Jack Gilbert swabs a faucet.
Swabbing faucets and floors and other surfaces gives Gilbert a picture of how microbes move in our environment. (Photography by George Joch, courtesy Argonne National Laboratory)

But why? What makes this friendly bug turn against its host? The answer, Gilbert says, underlines an increasingly inescapable need to reimagine the way medicine is practiced. Not just surgery, but all medicine. And—now that he’s talking about it—not just medicine, but modern life more broadly. The cities we build, the buildings we work in, the food we eat, the homes we keep, the environments where we live our lives and raise our children. All these factors affect the microbes living inside us, which in turn, scientists are discovering, can influence everything from obesity to Alzheimer’s to asthma.

So here’s what that colorectal surgery looks like to the microbe.
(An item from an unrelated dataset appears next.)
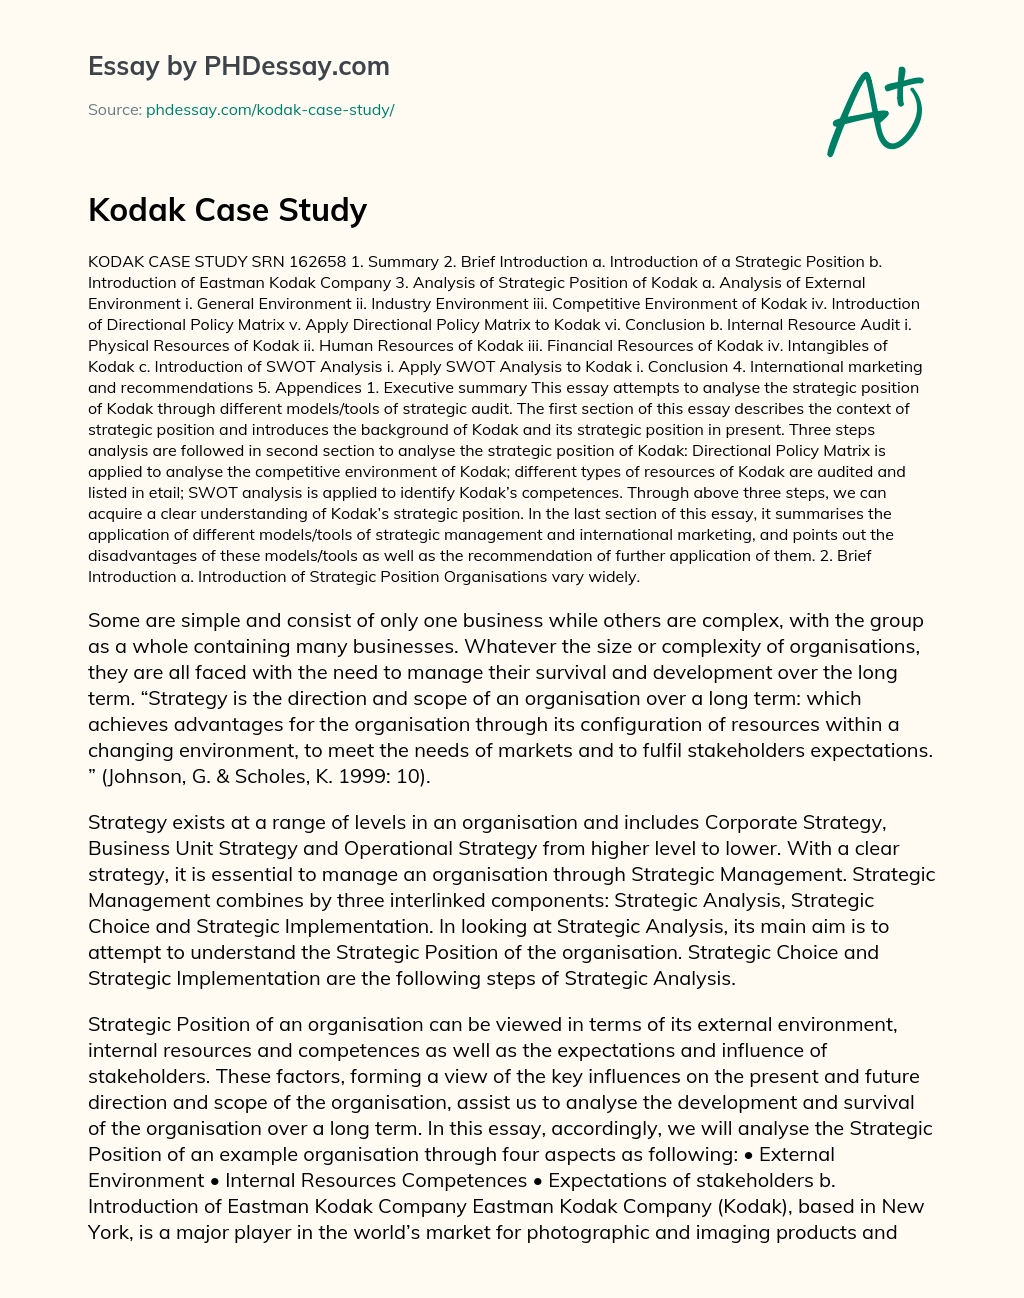 Kodak Case Study essay

When the patient comes to the hospital, the first thing doctors do is blast the intestine with radiation, to kill as much bacteria as possible. Then they pump in intravenous antibiotics to try to get rid of whatever remains. “Again, it doesn’t kill everything, but, again, it creates an incredibly hostile ecosystem,” Gilbert says. Then the surgery. Doctors cut open the colon, flooding the normally anaerobic gut with oxygen. “The oxygen makes the surviving anaerobic organisms panic,” Gilbert says. “It’s like poison gas.” Finally, doctors seal up the incision and the wound begins to heal itself, siphoning nutrients, namely phosphorus, from the intestine. Suddenly there’s not enough food for the microbes.
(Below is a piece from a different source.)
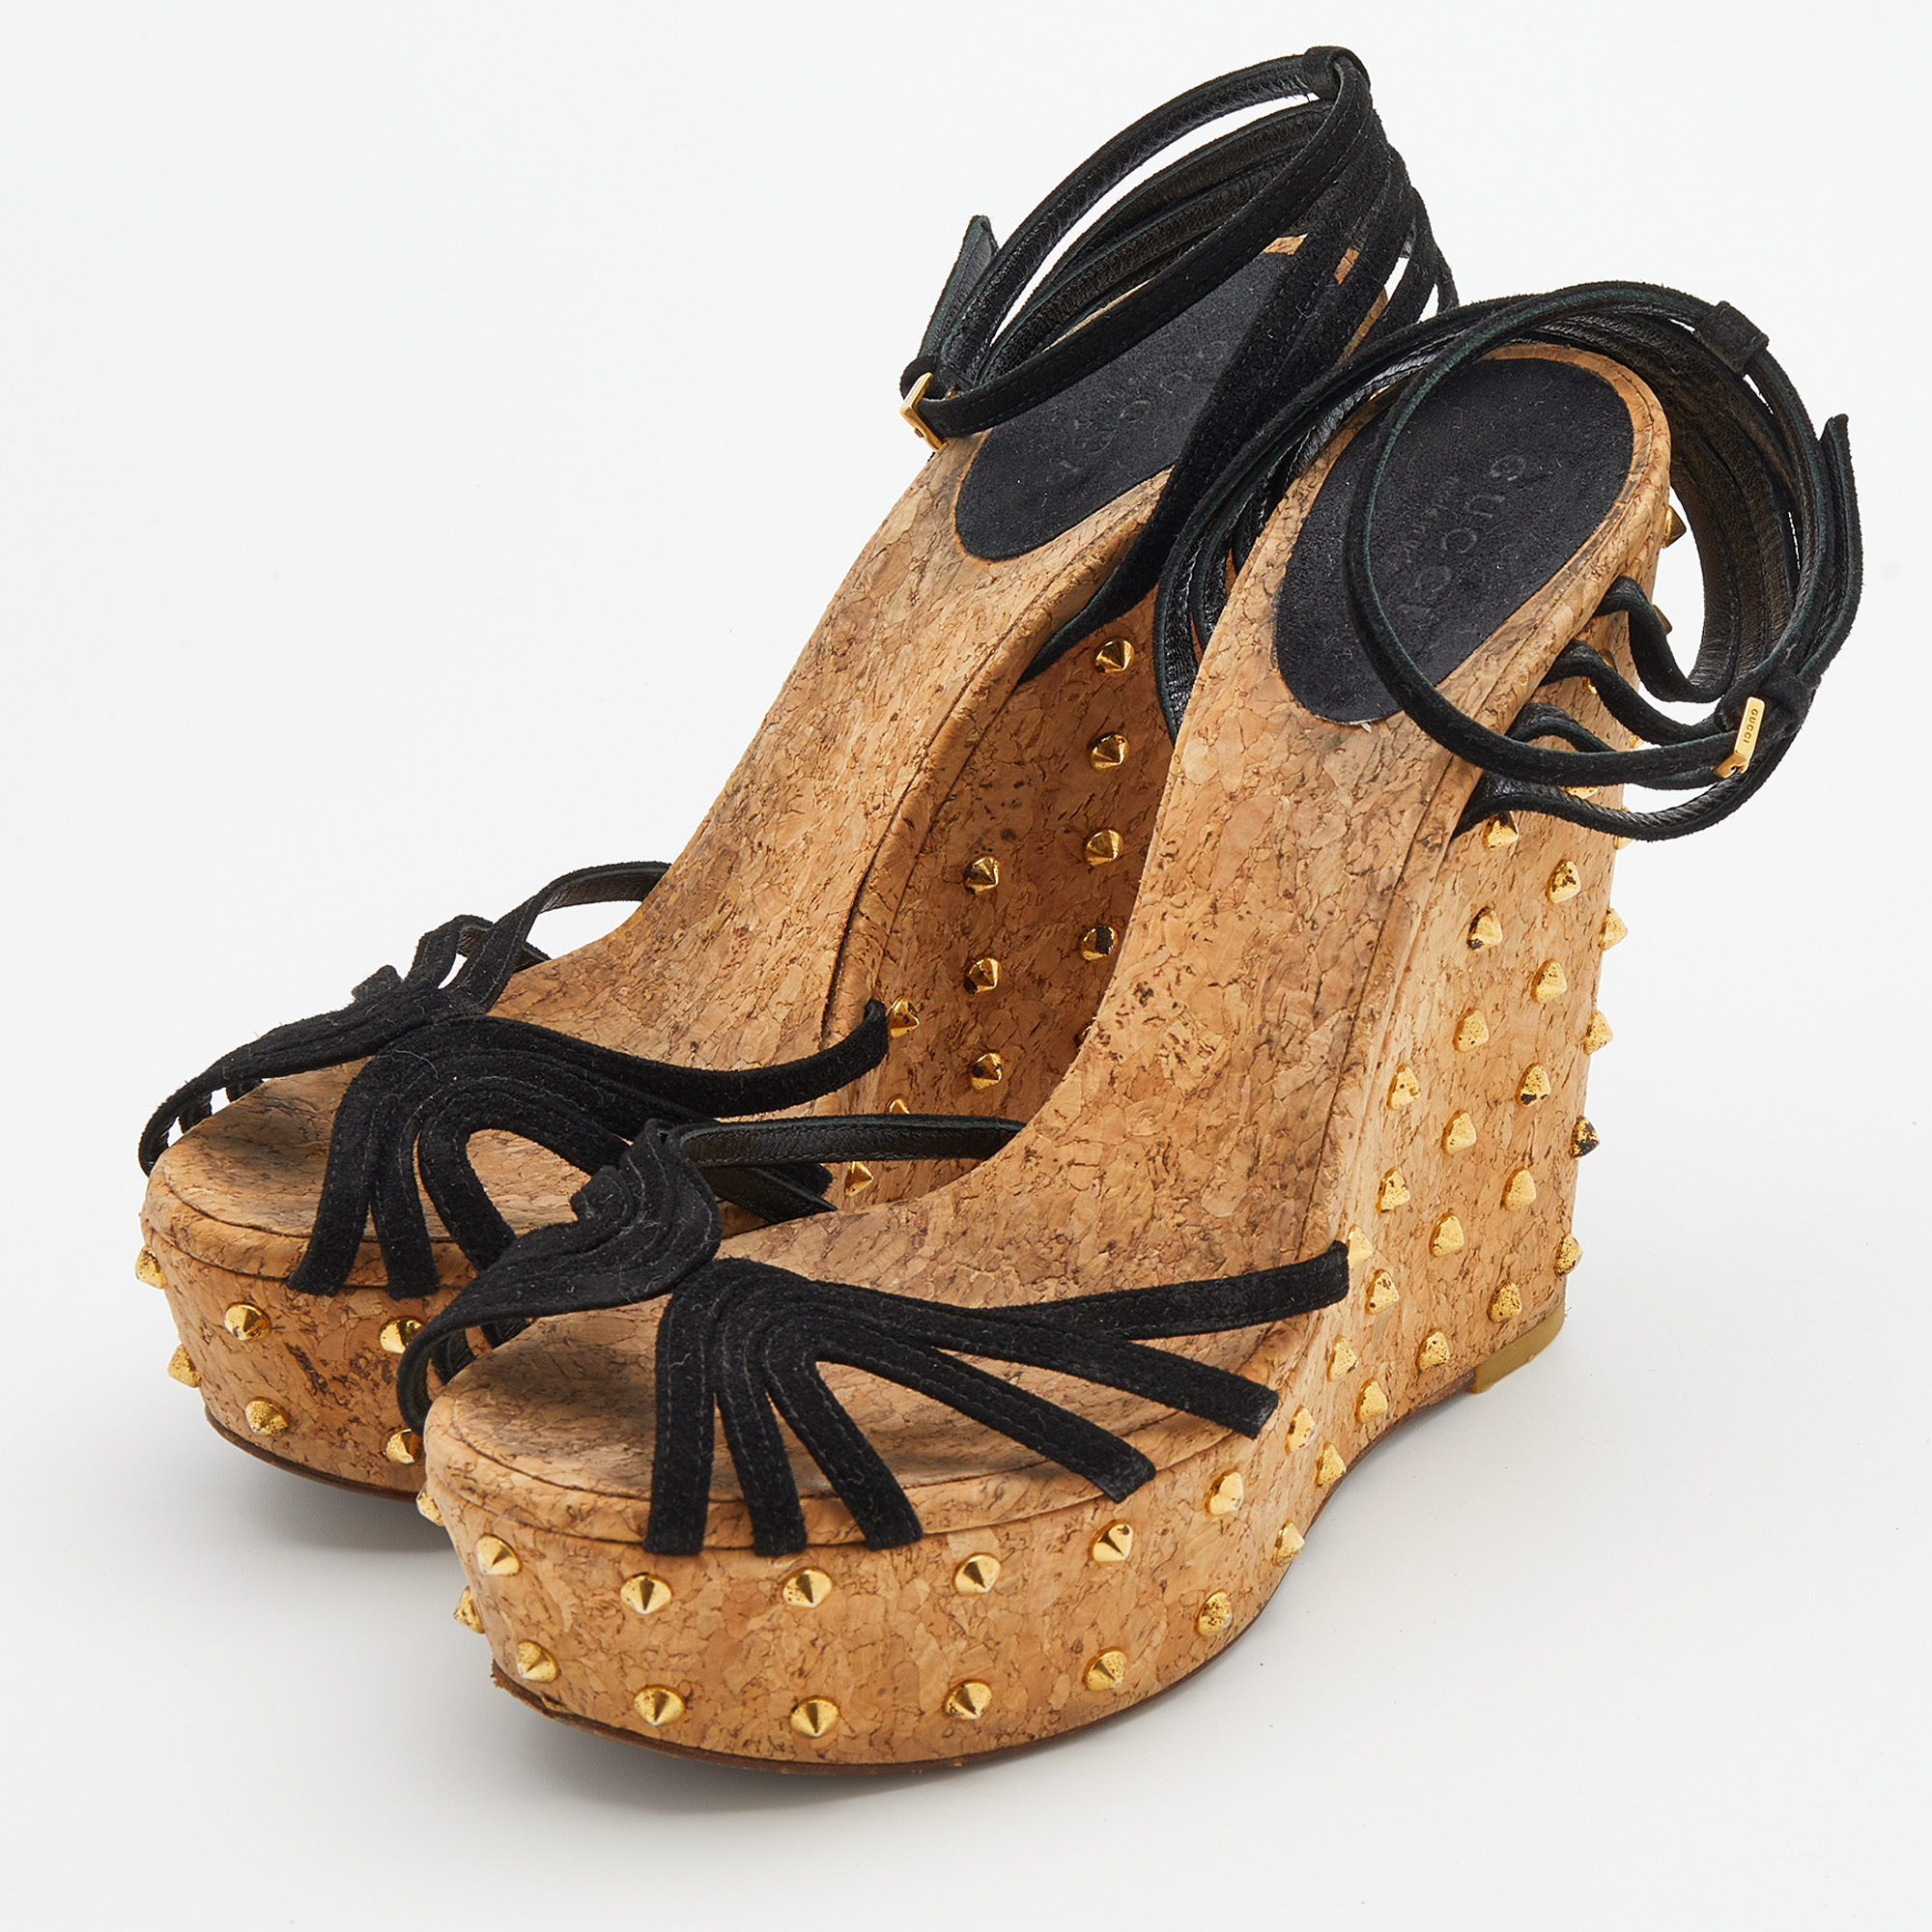 

Gucci Black Suede Studded Cork Wedge Platform Ankle Strap Sandals Size

Gilbert is excited now, waving his arms a bit, shaking the air in front of him. He’s at a Starbucks down the street from his UChicago office, gulping down black tea before his next lecture. “Let’s look at it from the bacterium’s perspective,” he says. “It’s the last of its kind, right?” Having survived radiation, antibiotics, and oxygen exposure—and along the way having likely selected for a mutation that transforms it into a hardier strain of bug—E. faecalis now finds itself robbed of phosphorus and starving to death. “It’s like, ‘Oh my god, this is a horrible environment!’ So this bacterium, he’s normally your friend, right, but what do you think it does?” Gilbert asks. “It turns on mechanisms and pathways inside itself for nutrient acquisition.” And the best place to find those nutrients? “This lovely, nicely available healing-up area where the body’s sucking up all the phosphorus.” So that’s where the bug goes, and it attacks the wound. “And we call that an infection; we call that a pathogen. And we try to kill it off, without realizing what we did to make that pathogen appear.”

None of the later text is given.